# TR: Mt Snow 2/6-2/7/2010: Dew Tour Weekend



## Glenn (Feb 8, 2010)

Mods, you can combine these two threads if needed. http://forums.alpinezone.com/showthread.php?t=71762

A very solid weekend at Mt. Snow! My wife and I did first tracks on Saturday morning. Jeff and his daughter rolled up..shortly after, MommaBear and family showed up. The light was a bit flat Saturday AM, but the sun came out and made for a really nice day. It was chilly, but the sun was out and the clouds stayed south. Woohoo! 

I forgot the damn camera...but I used the BB instead. :lol:

How warm up butter: 






Mineshaft was awesome! The Mini Pipe (Euler Memorial) was in great shape. The rollers at the bottom were great! You can get a little air if you tuck and straightline down to the bottom. 











Here's the top of Inferno. This was used for the Dew Tour...big features! 





Yeah, long line @ Carinthia! 





But the pro skiers were practicing in the pipe so that was cool to watch while waiting: 





Warm up pants at the Grand Summit. Brrr! That had to be cold. 





I :heart: first tracks. Parked the Jeep in the front row near the Mountain Ops building. The only ones closer were the Moo-ver shuttles. Took this before leaving. 





Sunday morning we did a run at Carinthia then headed inside to wait until the village opened. We chatted with a lady who's son was in the Gatorade amateur comp that day. 






The village was cool! They had a lot of vendors and tons of stuff to give away. Here's the Mountain Dew tent. They had a make your own bandana thing. We waited 5 minutes...the line didn't move.
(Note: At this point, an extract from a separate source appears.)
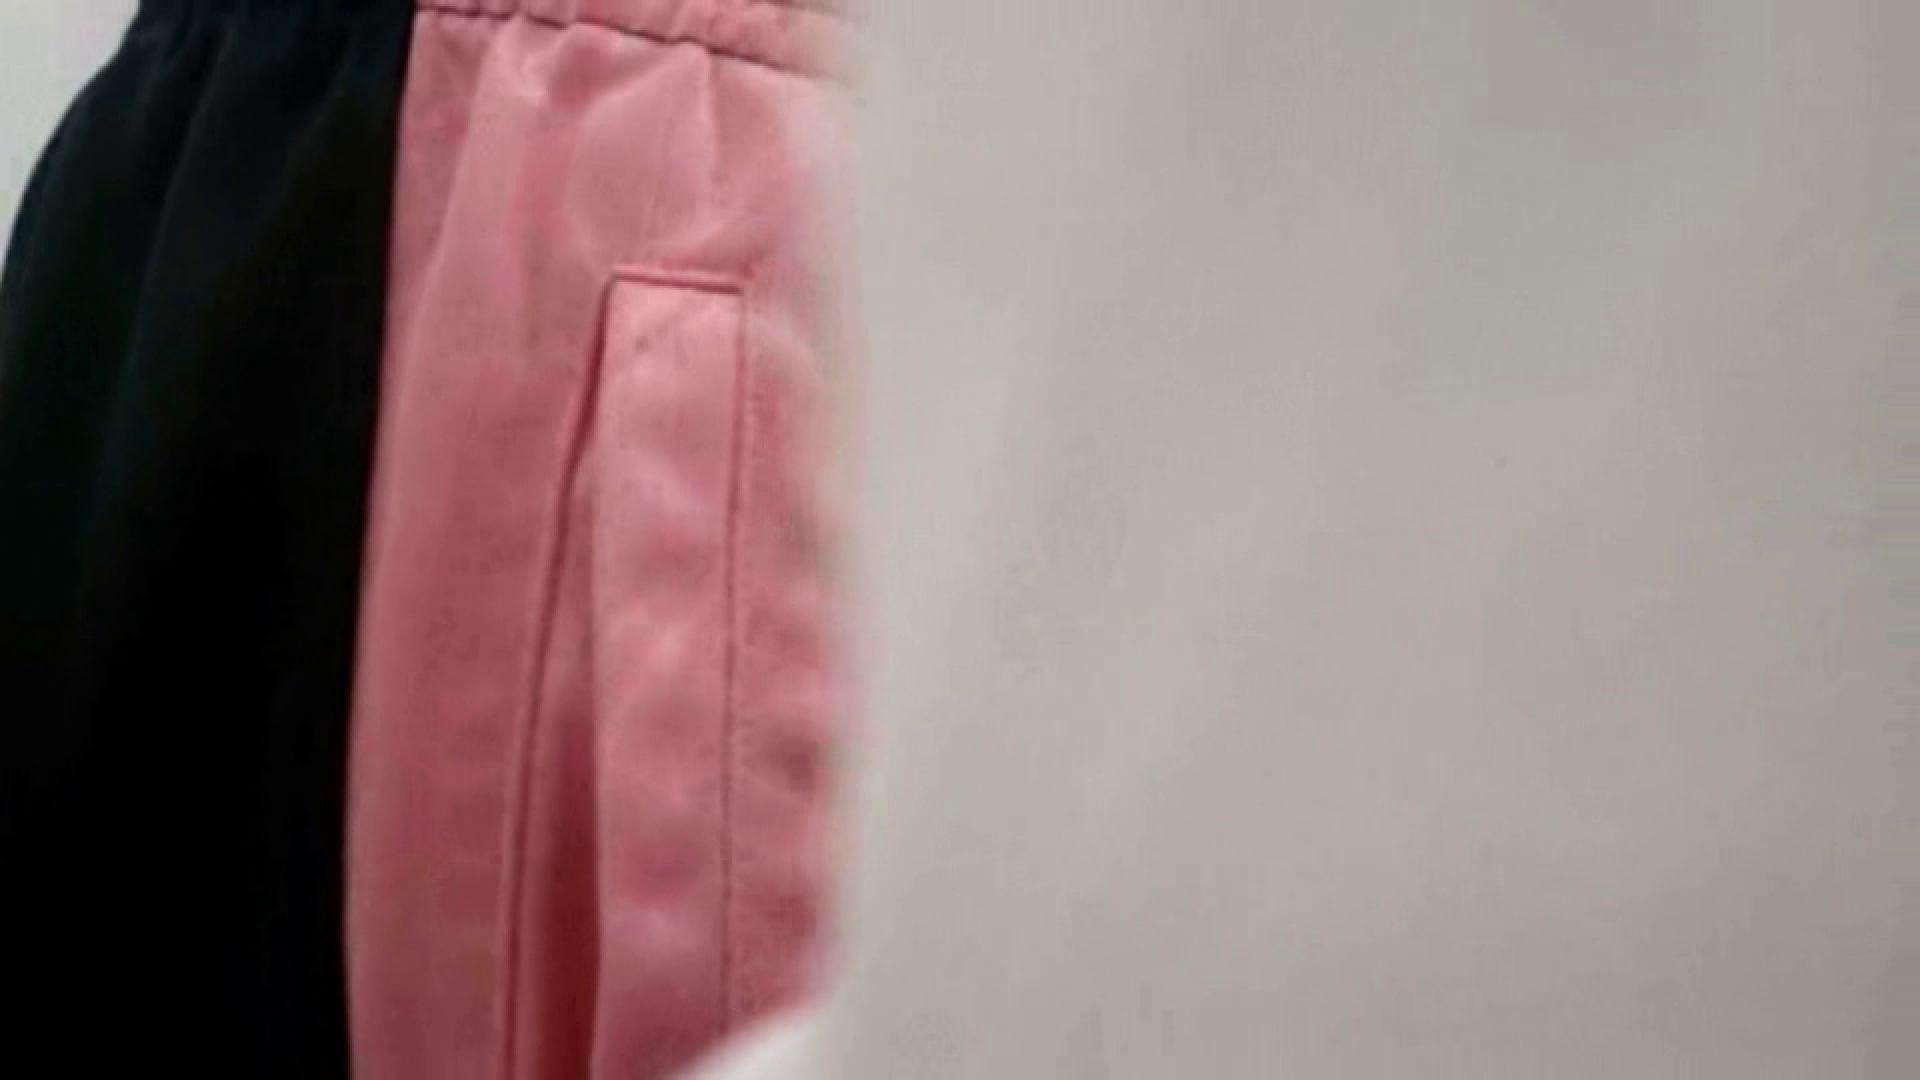 vol.2 葵のグラドル顔負けの爆乳を入浴シーンでどうぞ。 高評価 アダルト動画キャプチャ 111画像 3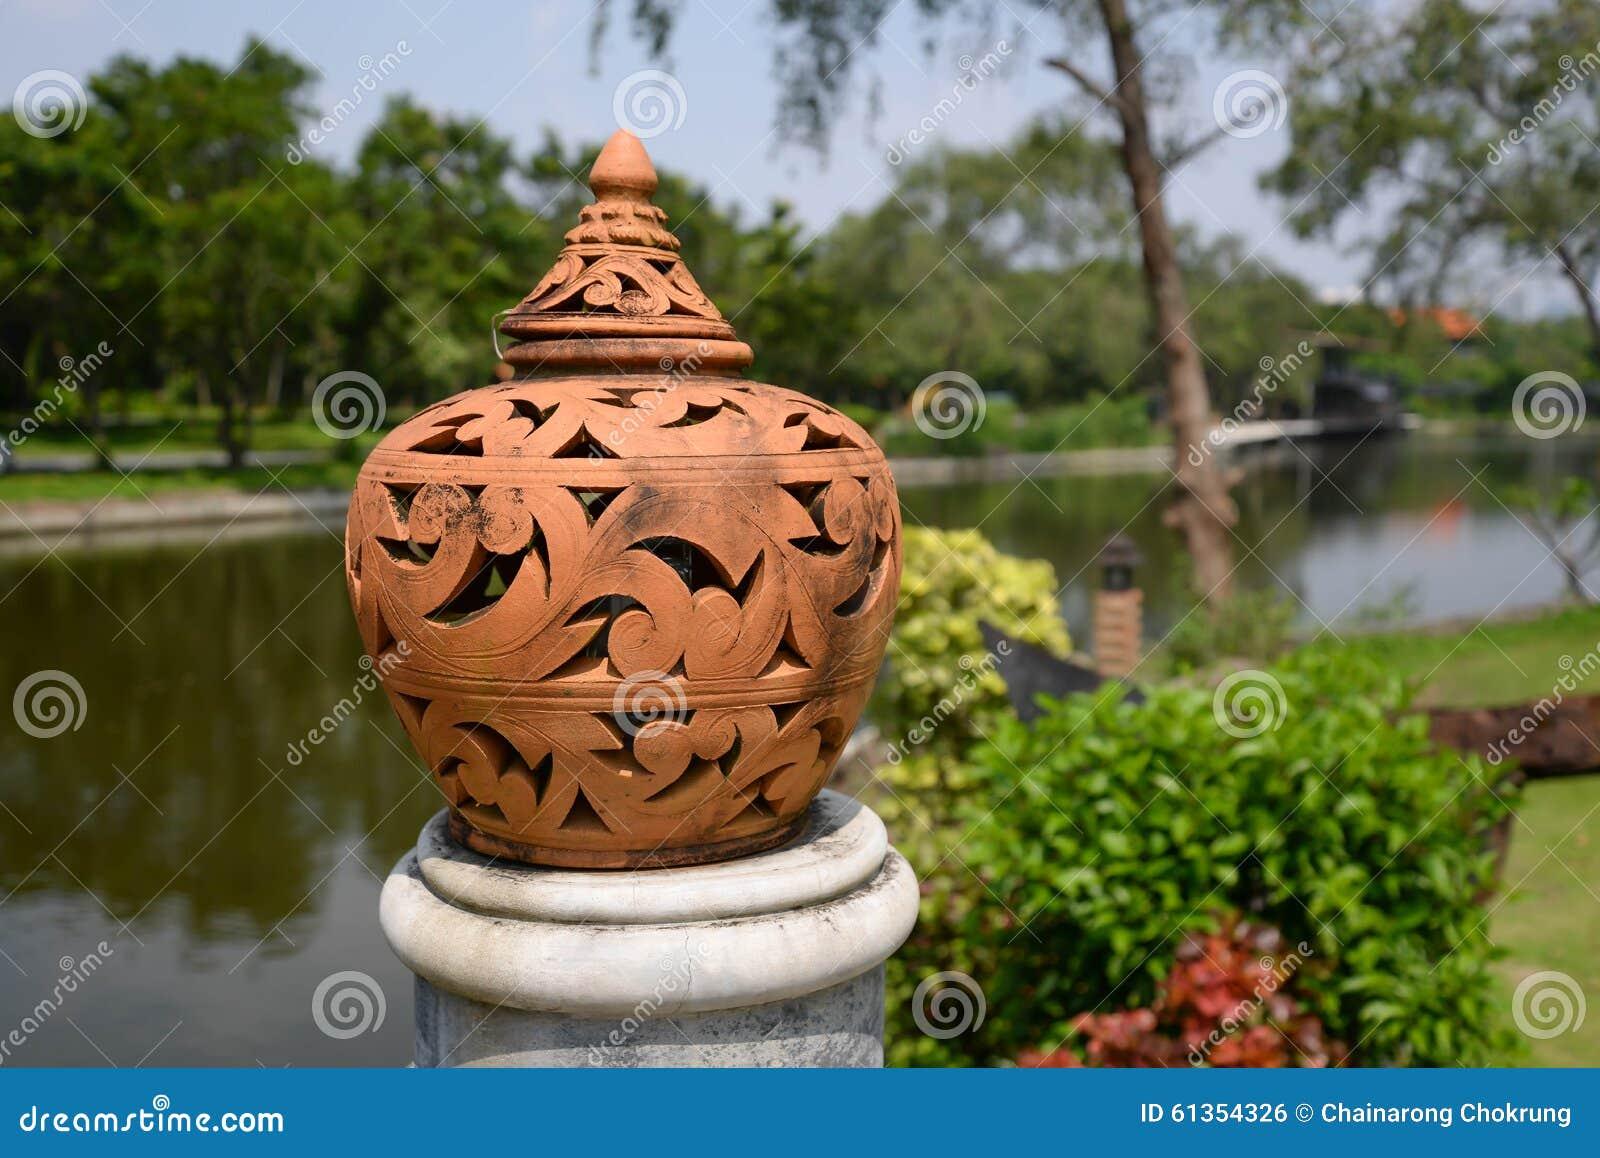 Tonwaren-Lampe mit thailändischer Art

So we took off and scoped out some other tents. 





The North Face skied well on Sunday. There was some scratch, but the snow was fast. We had a great time on Plummet...I hit Little Steep a few times for some bump action. 










The bumps on Rollercoaster were awesome! I skied those top to bottom and it was quite a workout. I blame this forum for getting me to venture back into the moguls. 

Carinthia was nice as well. I had a lot of fun playing the terrain park. We took a week day off the week after next and I'll have to make it over there when it's less crowded. 

I had to take a pic of this beast! Bad arse! I saw it parked on Rt 100. I have a feeling they couldn't get it near their tent due to the snow. Sweet promo rig. 





Ahhh! A nice ending to a solid weekend of skiing. A PBR on draft at "The Saloon". What a great place that is BTW. 





Here's all the stuff we got at the village. My coat already tips the scales at 50lbs...what's another 10lbs? 





Dew Tour stickers they gave us at Equipe Ski:





Make your banner from Paul Mitchell...my wife's:


----------



## RootDKJ (Feb 8, 2010)

Cool.  I feel like I was almost there.  Lift line looks as crowded as Blue was.


----------



## Greg (Feb 8, 2010)

Glenn said:


> I blame this forum for getting me to venture back into the moguls.



Nice!


----------



## Glenn (Feb 8, 2010)

Greg said:


> Nice!



I'm serious too! :grin:  I haven't really skied them since I was younger. It's a lot of fun too...technical and challenging. I'm going to see if I can get my wife to venture into them later this seson. She's a bit gun shy due to her ACL repair. But she has expressed and interest in the seeded vs. natural. 

Root...if you make it to Mt. Snow this year...I'll give you a Toyota lanyard. I don't know how we ended up with so many. Or if I forget, I'll just buy you a beer. :lol:


----------



## o3jeff (Feb 8, 2010)

Glenn said:


> Here's all the stuff we got at the village. My coat already tips the scales at 50lbs...what's another 10lbs?



I don't think you were suppose to take the candle and holder...


----------



## Glenn (Feb 8, 2010)

o3jeff said:


> I don't think you were suppose to take the candle and holder...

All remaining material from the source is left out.